Finding a ‘landing zone’ for a Glasgow deal
The COP26 presidency has tasked the nations of Grenada and Denmark with finding a landing zone for a Glasgow decision that would “keep 1.5℃ alive”. Denmark released an October report. summaryThey held consultations with country negotiators up to that point.
It offered several options, including:
A requirement that countries who have not submitted enhanced targets in 2022 be submitted by the deadline
An annual review of the pre-2030 ambition
A high-level conference to discuss 2030 ambition.
All these options made it possible an early draftA draft of the Glasgow final decision text was published at the weekend. A new draft is expected to be released Wednesday morning (Glasgowtime).
There are still significant differences between the countries and negotiators will continue to try to reach a final political agreement. Saudi Arabia, as an example, has already achieved this. already triedto set the stage for an ambitious commitment to action before 2030.
The Australian government may have been cheering on Saudi Arabia from the sidelines. Australia is the only advanced economy that didn’t bring a strengthened 2030 target to Glasgow. An ambitious political statement in the COP26 decision text could require the federal government to set new 2030 targets – and devise policy to meet them – as soon as next year.
The UN climate talks are built upon consensus among 190 countries. It takes trust between the negotiating parties to achieve meaningful outcomes.
Trust is built by the willingness of wealthy nations to provide climate financing to help developing countries cope with the impacts and transition to low emission development.

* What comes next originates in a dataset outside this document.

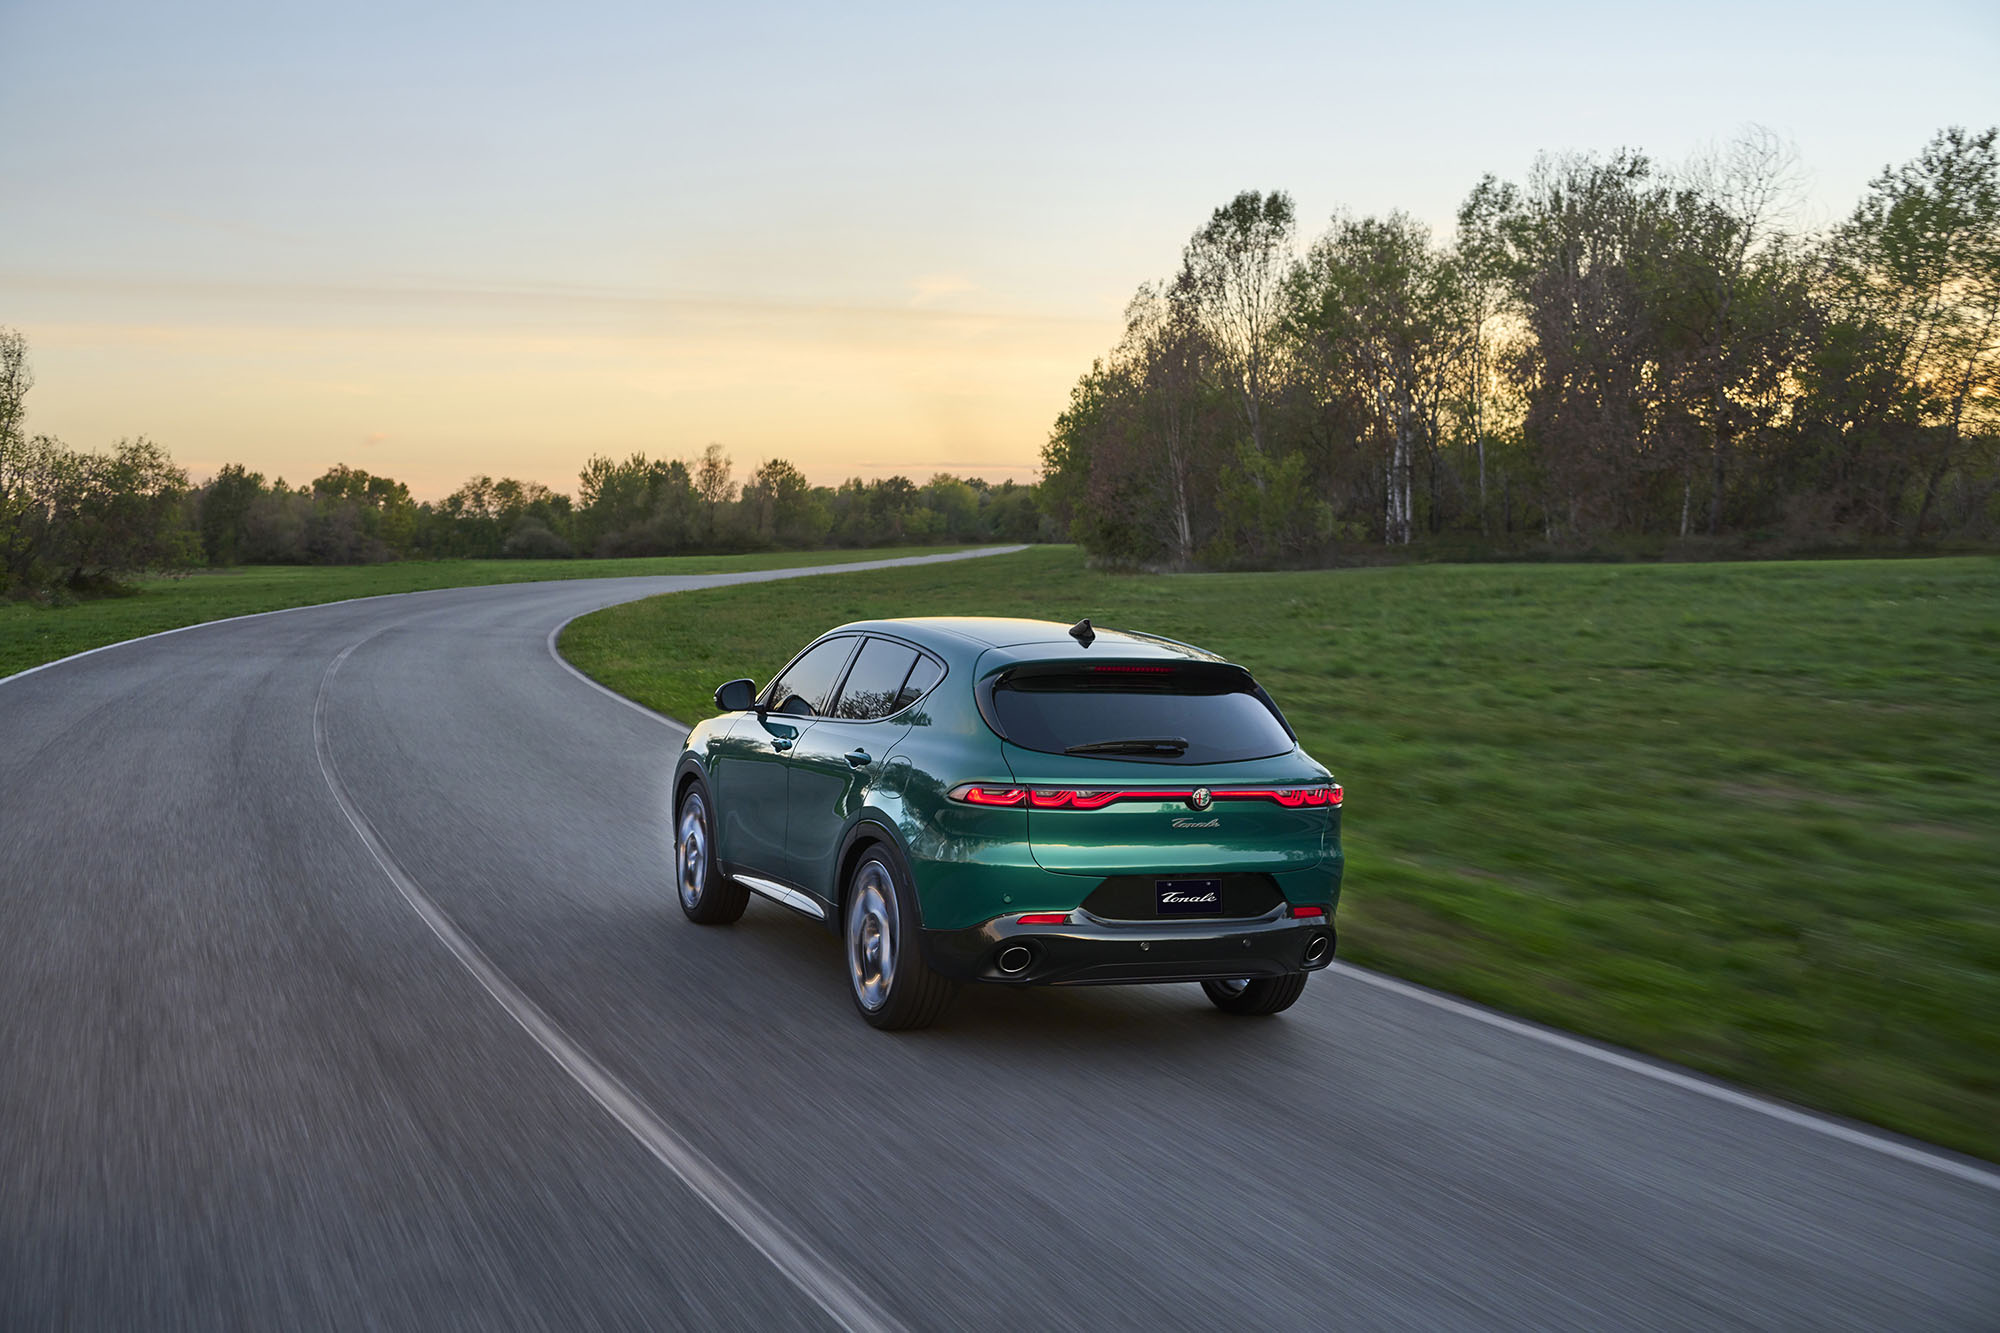 Green Alfa Romeo Tonale driving down paved road next to grass

Over a decade ago wealthy nations promised to the developing world US$100 billion annually by 2020. They have so far failed to keep their promise.

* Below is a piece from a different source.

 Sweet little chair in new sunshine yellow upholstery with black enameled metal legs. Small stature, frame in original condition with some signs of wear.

However, US climate envoy John Kerry says rich nations will meet the goal by 2022(and even exceed it in the 2020-2025 period).
The developing countries are wary of breaking promises and want renewed commitments to climate finance, especially for the period following 2025. Countries that are most vulnerable to climate impacts are also seeking finance to offset unavoidable loss and damages.
Progress in the UN climate talks, both at COP26 and beyond, may involve a “grand bargain” encompassing new promises on climate finance from wealthy countries, and new commitments to reduce emissions from both developed and developing countries.
It is not exaggerated to say that the fate of the planet will depend on the next few days in Glasgow of multilateral complex diplomacy.
This story is part of The Conversation’s coverage on COP26, the Glasgow climate conference, by experts from around the world.